Dame Helen Mirren, DBE (born 26 July 1945) is an English actor. She has won an Academy Award for Best Actress, four SAG Awards, four BAFTAs, three Golden Globes, four Emmy Awards, and two Cannes Film Festival Best Actress Awards.
Mirren was born Helen Lydia Mironoff in Queen Charlotte's Hospital, Chiswick, West London. Her father, Vasiliy Petrovich Mironov (1913–1980), was of Russian origin, and her mother, Kitty (née Kathleen Alexandrina Eva Matilda Rogers; 1909–1996), was English. Mirren's paternal grandfather, Colonel Pyotr Vasilievich Mironov, was in the Tsarist Army and fought in the 1904 Russo-Japanese War. He later became a diplomat, and was negotiating an arms deal in Britain, where he and his family were stranded during the Russian Revolution. The former diplomat became a London cab driver to support his family.
His son, Helen Mirren's father, changed the family name to the Scottish-sounding Mirren in the 1950s and became known as Basil Mirren. He played the viola with the London Philharmonic before World War II, and later drove a cab and was a driving-test examiner, before becoming a civil servant with the Ministry of Transport. Mirren's mother was from West Ham, East London, and was the 13th of 14 children born to a butcher whose father had been the butcher to Queen Victoria. Mirren considers her upbringing to have been "very anti-monarchist".

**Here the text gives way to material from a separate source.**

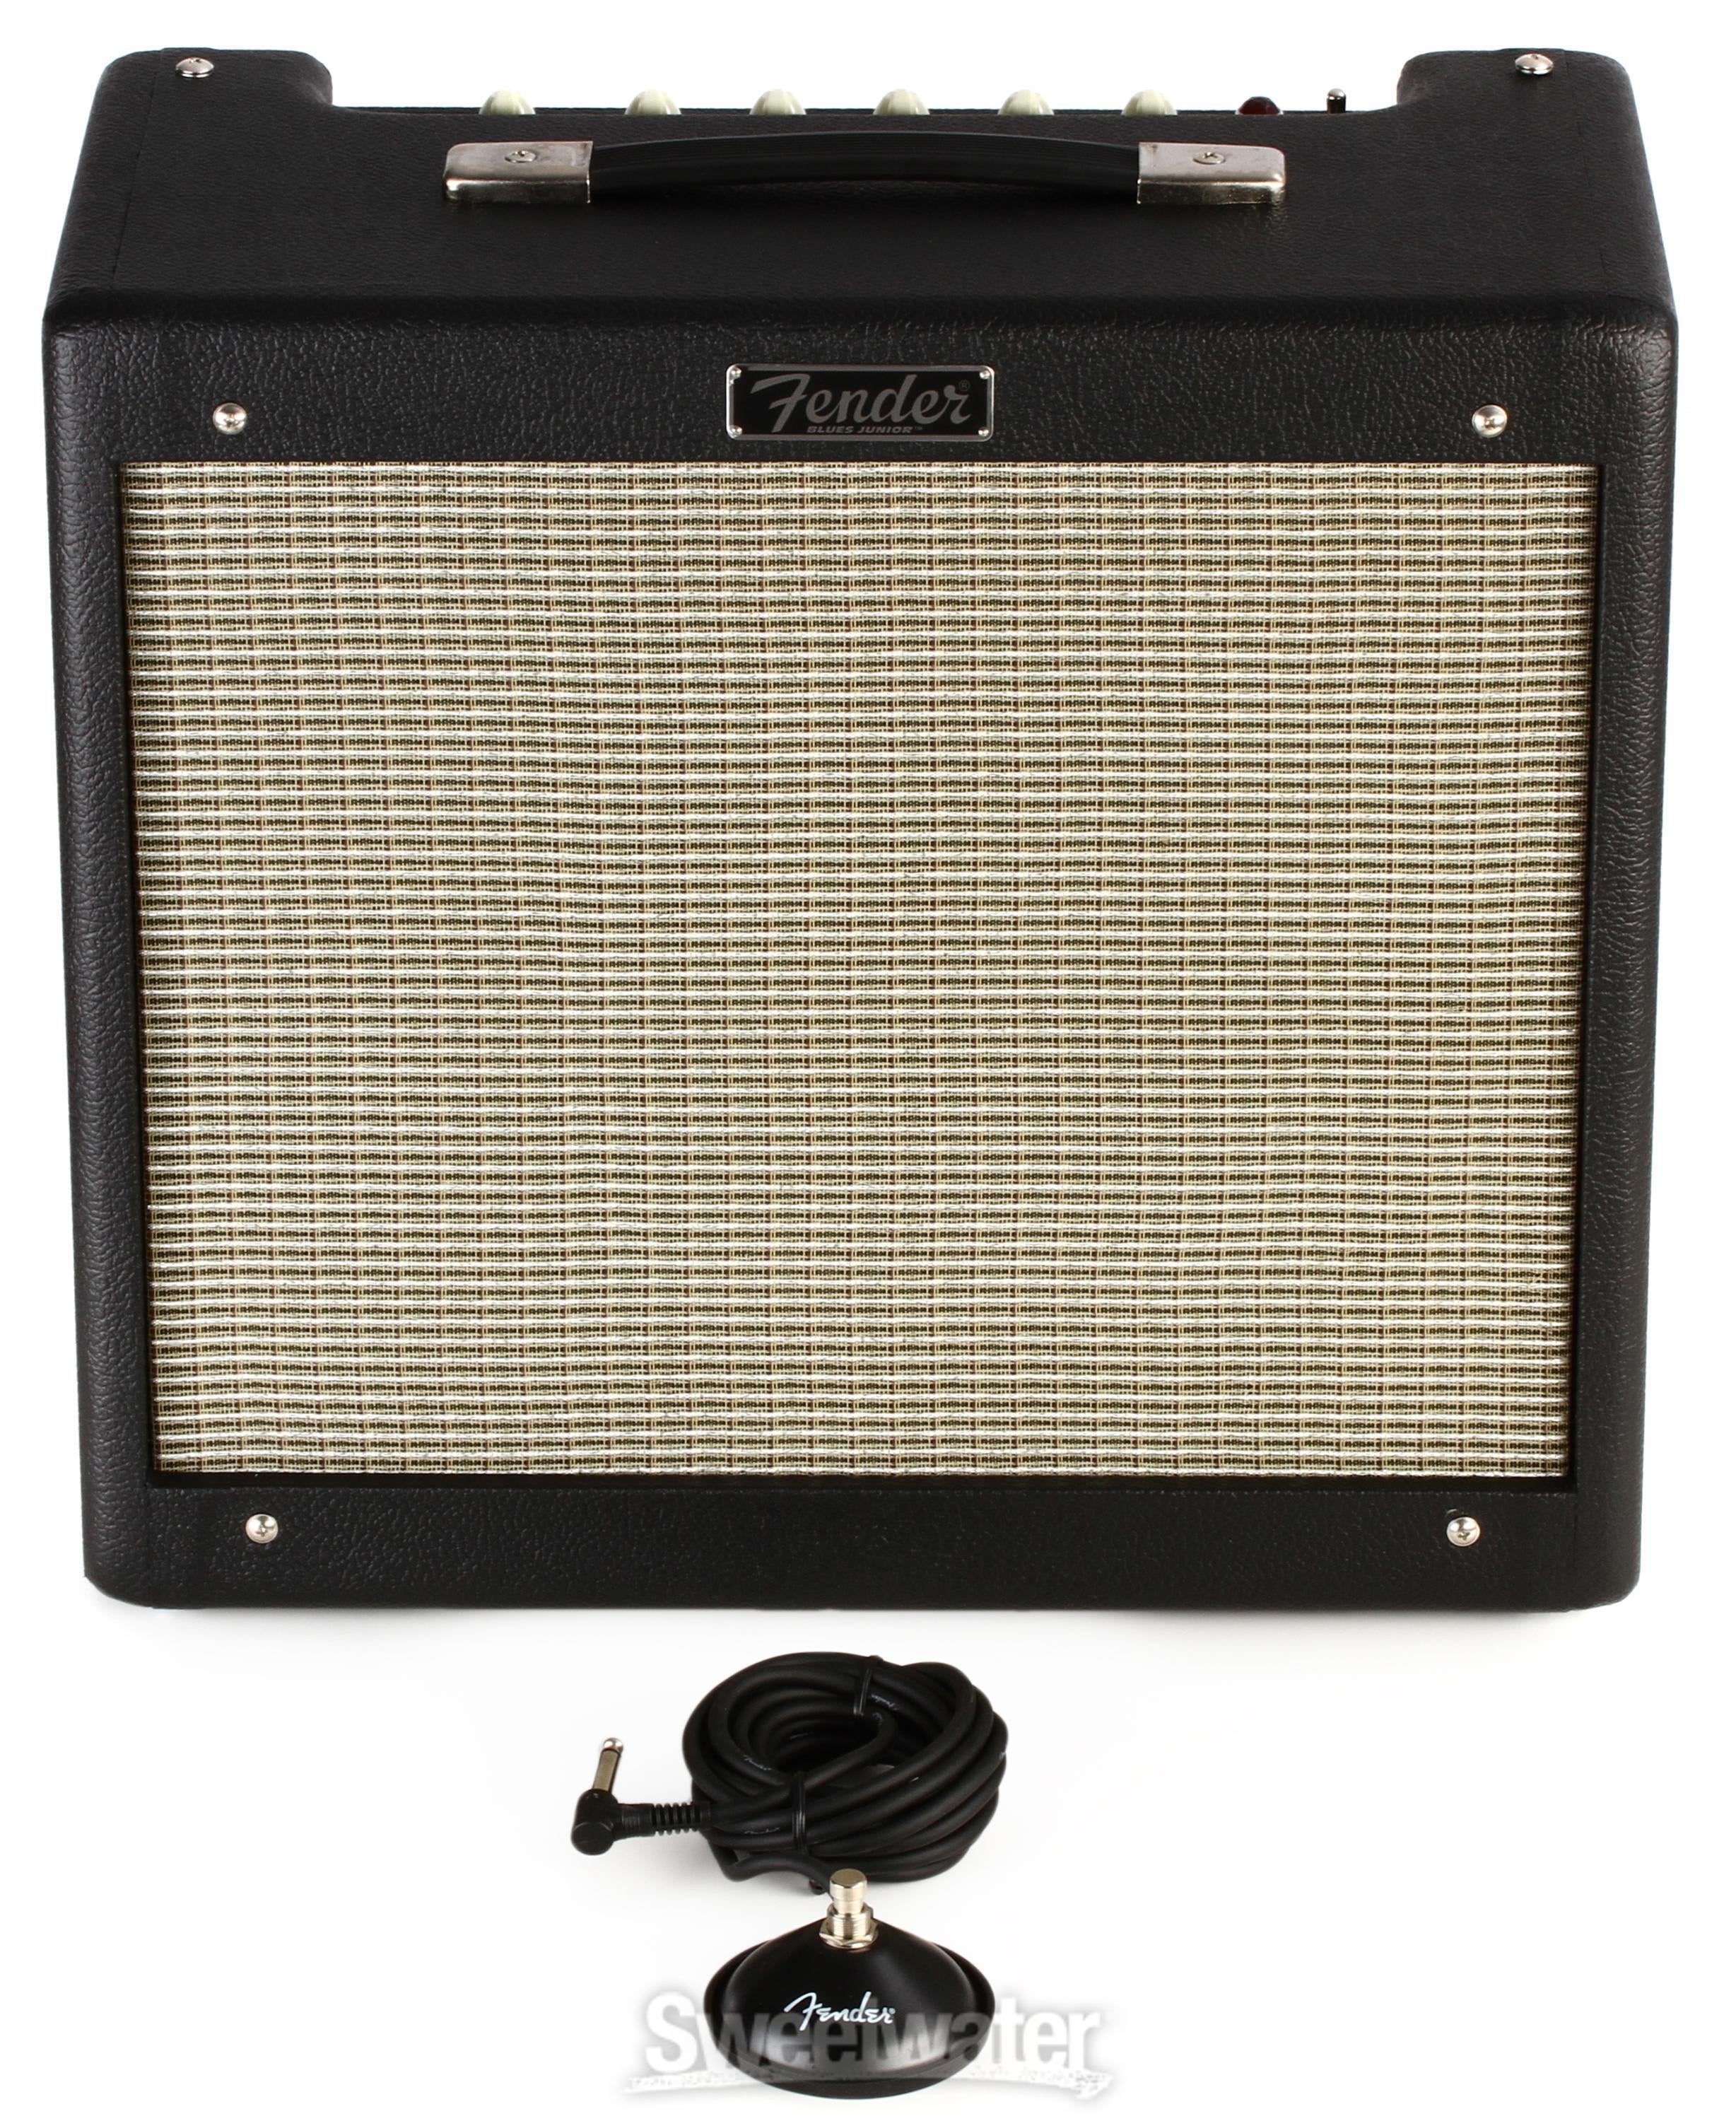 Fender Blues Junior IV 1 x 12-inch 15-watt Tube Combo Amp - Black

The first house she remembers living in was in Westcliff-on-Sea, Essex, when she was two or three years old, after the birth of her younger brother, who was named Peter Basil after his grandfather and great-great-grandfather. Mirren was the second of three children, born two years after her older sister Katherine ("Kate"; born 1942). She later lived in Leigh-on-Sea.

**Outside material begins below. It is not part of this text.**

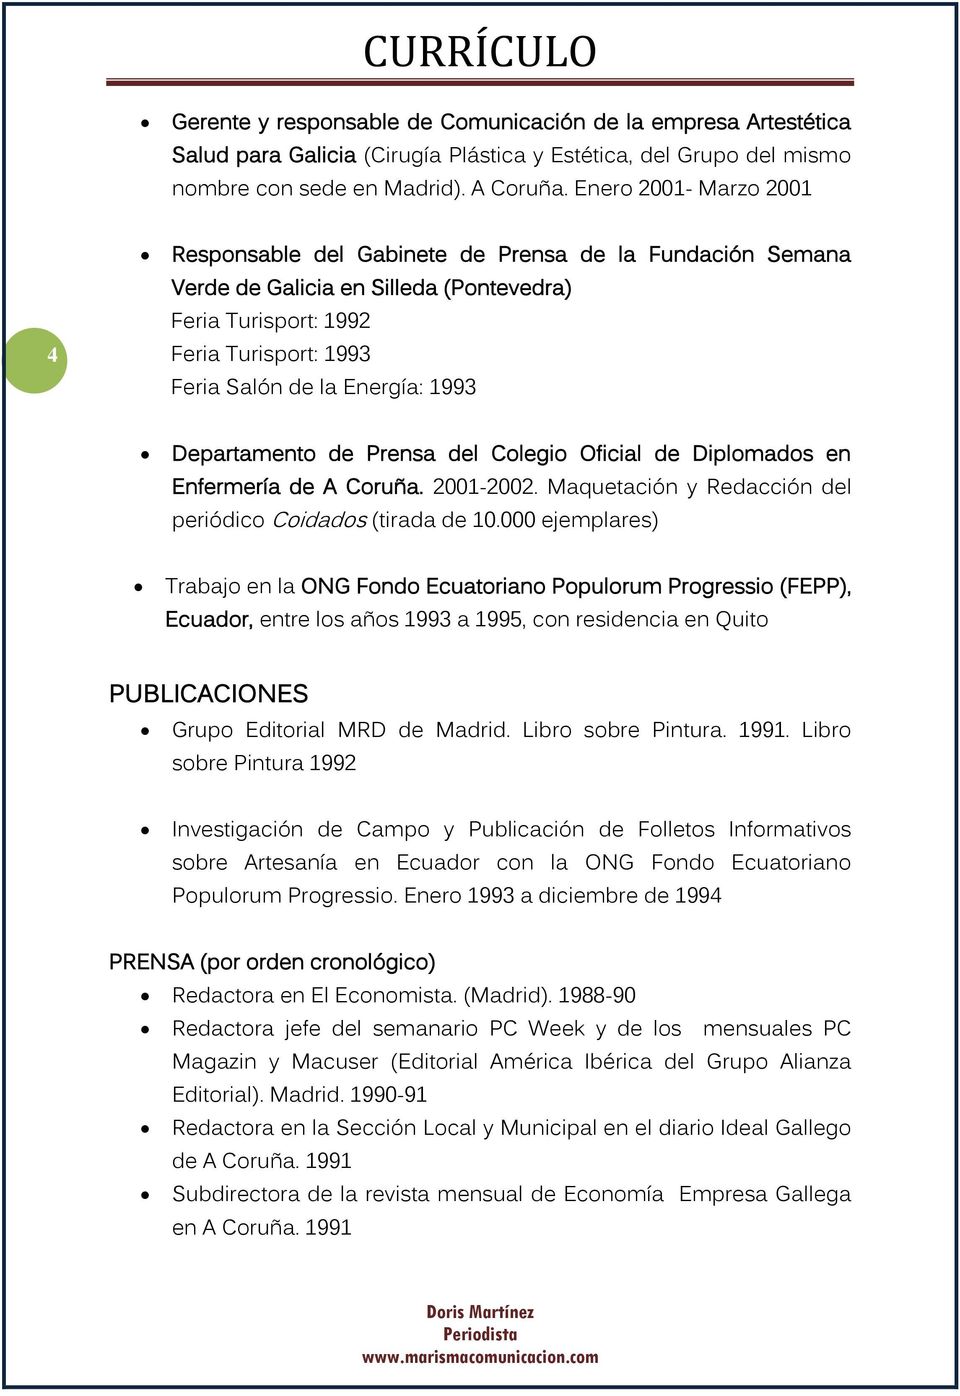 Departamento de Prensa del Colegio Oficial de Diplomados en Enfermería de A Coruña. 2001-2002. Maquetación y Redacción del periódico Coidados (tirada de 10.

Mirren attended St Bernard's High School for Girls in Southend-on-Sea, where she acted in school productions, and subsequently a teaching college, the New College of Speech and Drama in London, "housed within Anna Pavlova's old home, Ivy House" on the North End Road – which leads from Golders Green to Hampstead, N. London. At age eighteen, she auditioned for the National Youth Theatre and was accepted. By the time she was 20, she was Cleopatra in the NYT production of Antony and Cleopatra at the Old Vic, which led to her signing with the agent Al Parker.
Her work for the NYT led to Mirren joining the Royal Shakespeare Company (RSC), playing Castiza in Trevor Nunn's 1966 staging of The Revenger's Tragedy, Diana in All's Well That Ends Well in 1967, Cressida in Troilus and Cressida and Phebe in As You Like It in 1968, Julia in The Two Gentlemen of Verona in 1970, and Tatiana in Gorky's Enemies at the Aldwych and the title role in Miss Julie at The Other Place in 1971. She also appeared in four productions, directed by Braham Murray for Century Theatre at the University Theatre in Manchester between 1965 and 1967.

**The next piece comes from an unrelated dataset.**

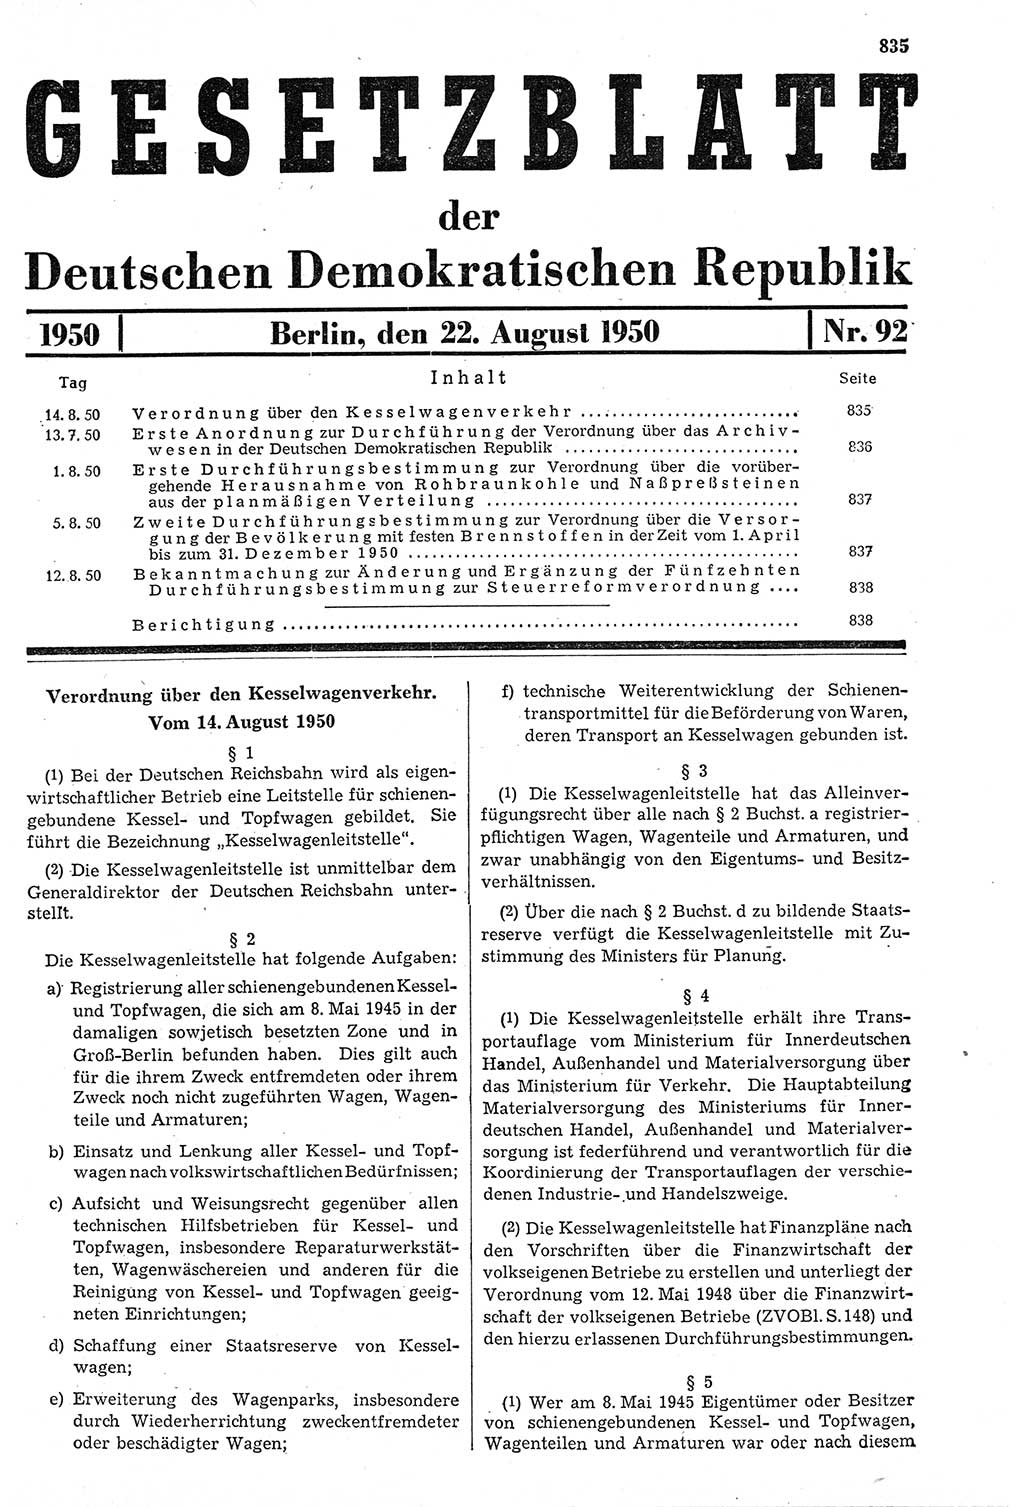 Gesetzblatt (GBl.) der Deutschen Demokratischen Republik (DDR) 1950, Seite 835 (GBl. DDR 1950, S. 835)

In 1970, Director/producer John Goldschmidt made the documentary film Doing Her Own Thing about Mirren at the Royal Shakespeare Company. The film was made for ATV and shown on the ITV Network in the UK.
In 1972–73, Mirren worked with Peter Brook's International Centre for Theatre Research, and joined the group's tour in North Africa and the US which created The Conference of the Birds. Returning to the RSC she played Lady Macbeth at Stratford in 1974 and at the Aldwych Theatre in 1975.
As reported by Sally Beauman in her 1982 history of the RSC, Mirren, while appearing in Nunn's Macbeth (1974) and in a highly publicised letter to The Guardian newspaper, attacked both the National Theatre and the RSC for their lavish production expenditure, declaring it "unnecessary and destructive to the art of the Theatre," and adding, "The realms of truth, emotion and imagination reached for in acting a great play have become more and more remote, often totally unreachable across an abyss of costume and technicalities..." There were no discernible repercussions for this rebuke of the RSC.
At the Royal Court in September 1975 she notably played rock star Maggie in Teeth 'n' Smiles, a musical play by David Hare, which was revived at Wyndham's Theatre in May 1976 winning her the Plays & Players Best Actress award, voted by the London critics.